Además de menos peleas por parejas, los bonobos tampoco caen en la violencia por la comida, prefieren compartir. En un ejemplo ilustrativo, los científicos colocaron una serie de bonobos solos en una habitación con fruta fresca y una pequeña puerta que impedía la entrada de otro bonobo. En todos los casos, el primer simio optó por dejar entrar al segundo, incluso si no se habían conocido antes. Los chimpancés, cuando se les da la misma opción, se comen todo por sí mismos.

Como era de esperar, estos simios más amigables muestran algunas de las características físicas notables de los animales domésticos. Tienen caras y mandíbulas más pequeñas y menos pronunciadas, junto con dientes más pequeños y menos feroces. Tienen una pigmentación más variada con labios rosados ​​y mechones de cabello de color claro.

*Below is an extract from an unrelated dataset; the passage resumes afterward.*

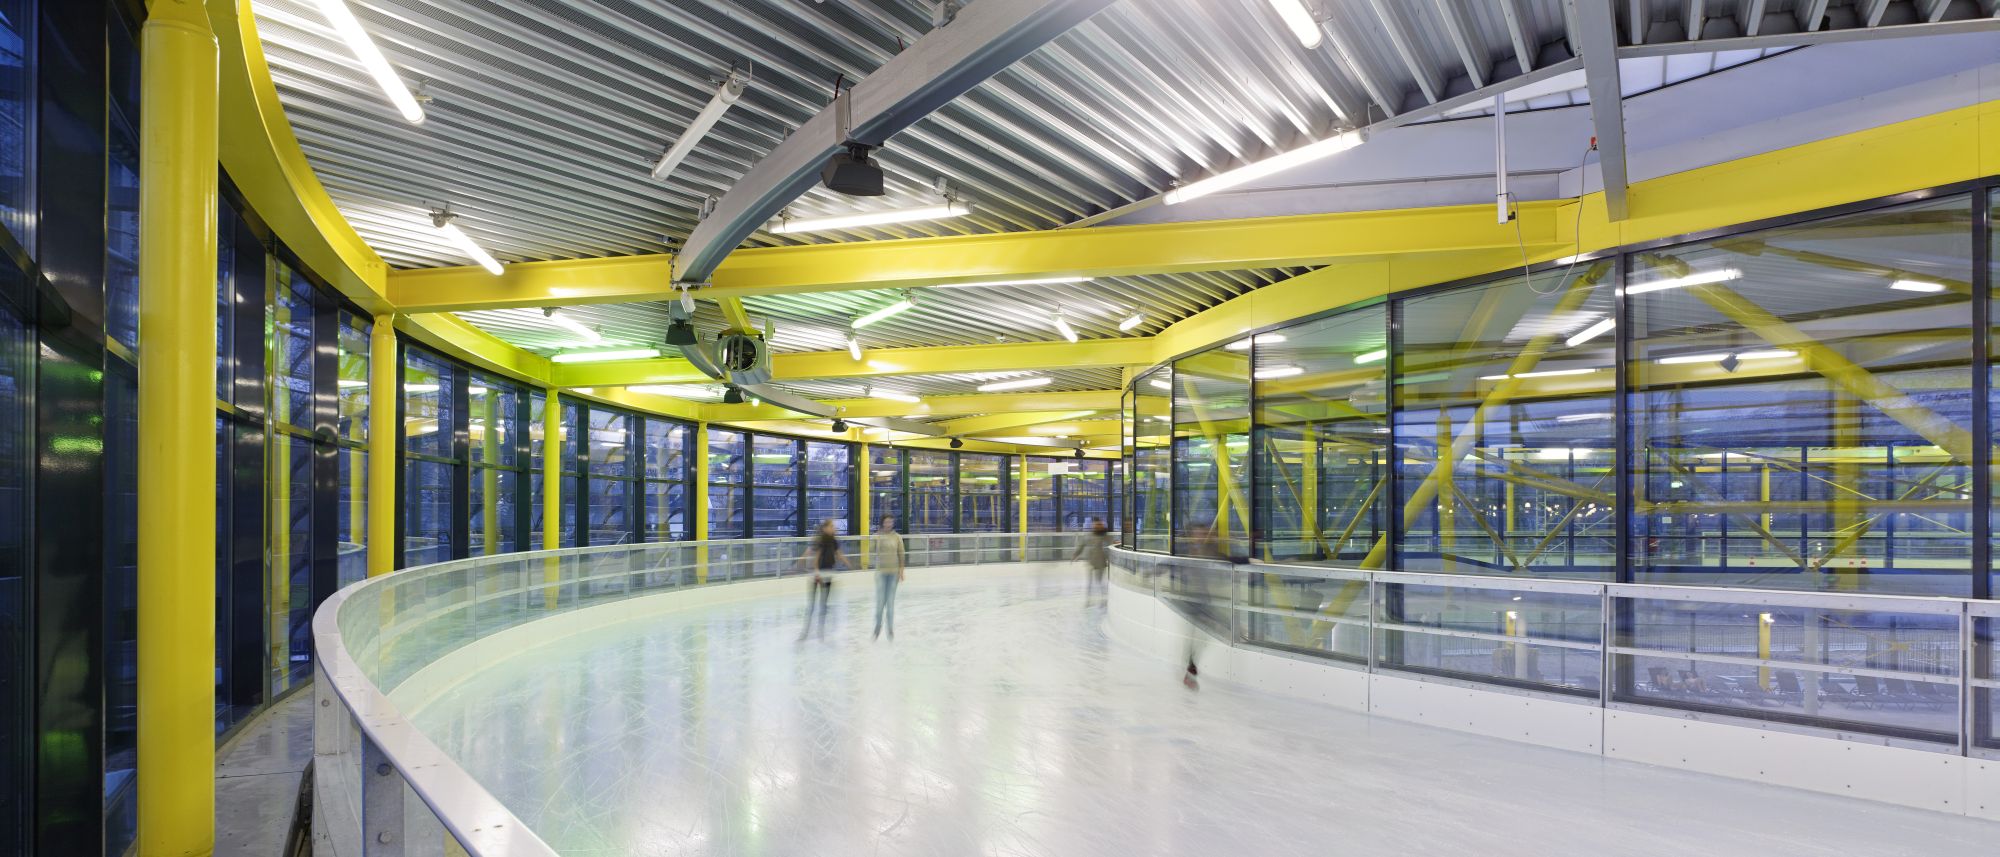 A view of the ice skating track around the central area of the building, complemented by striking yellow structural elements.

Y, al igual que los zorros domesticados, los bonobos muestran signos de mejor comunicación y cooperación. Cuando se les presenta una tarea que requiere colaboración, como un rompecabezas, los bonobos pueden trabajar juntos. Sin embargo, a los chimpancés les cuesta elegir esta opción.

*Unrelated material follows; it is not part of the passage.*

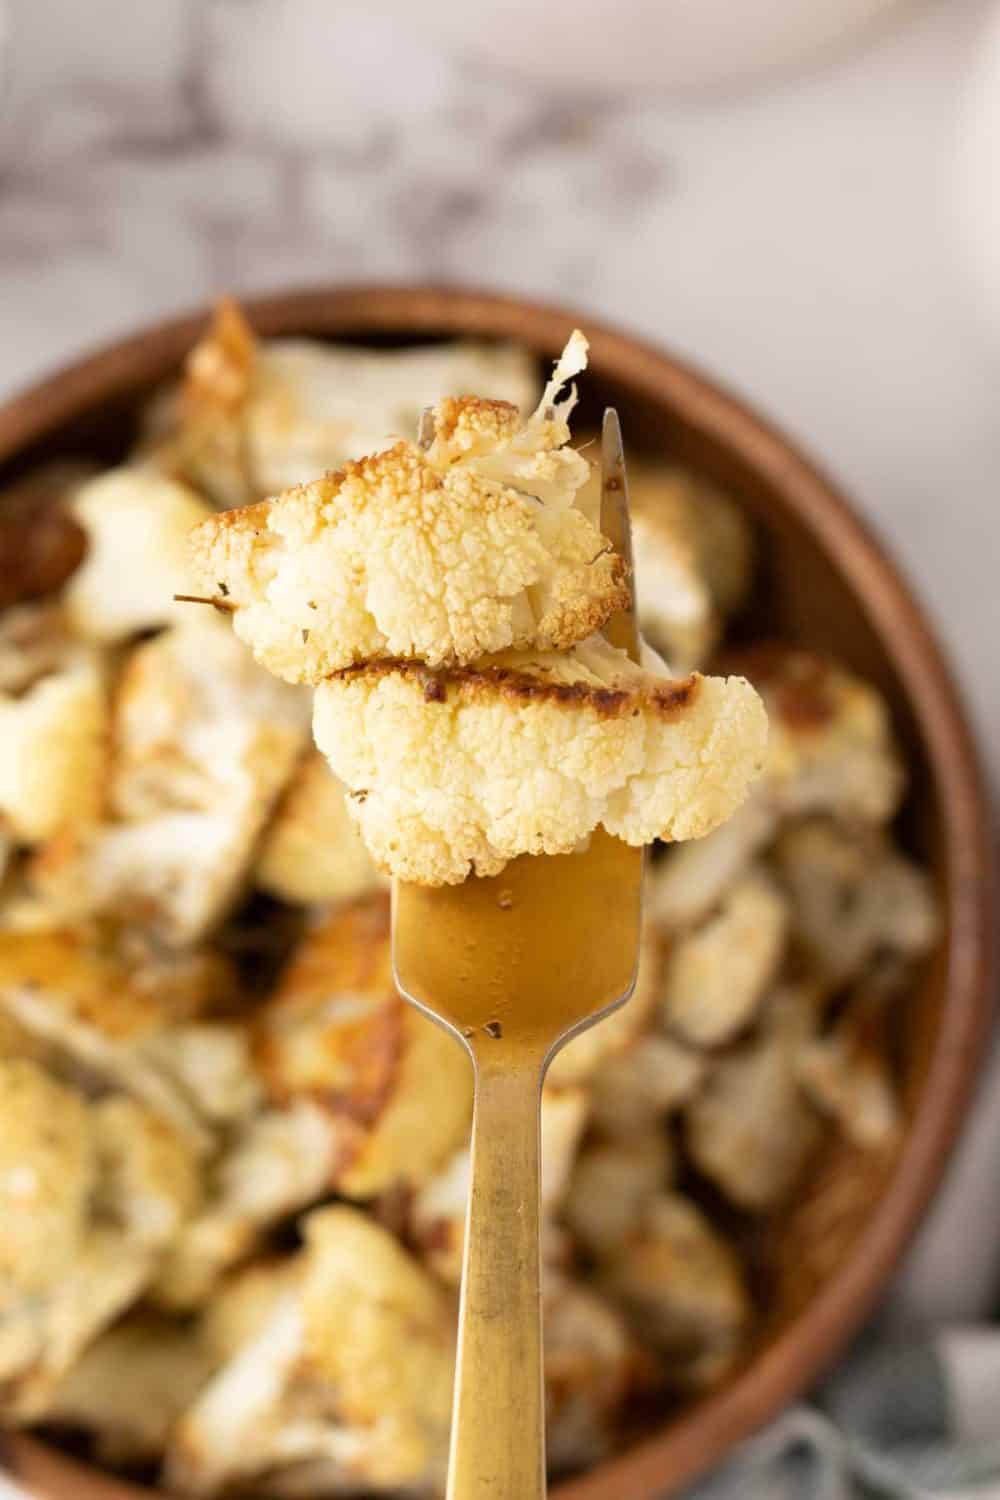 baked cauliflower florets on a fork over a a wooden bowl.

Estos rasgos físicos distintos y comportamientos más igualitarios parecen indicar que los bonobos han pasado por un proceso natural similar a la domesticación, pero en estado salvaje. Su éxito como especie es una prueba de que en algunos casos puede ser evolutivamente ventajoso cultivar rasgos como la amabilidad y la cooperatividad.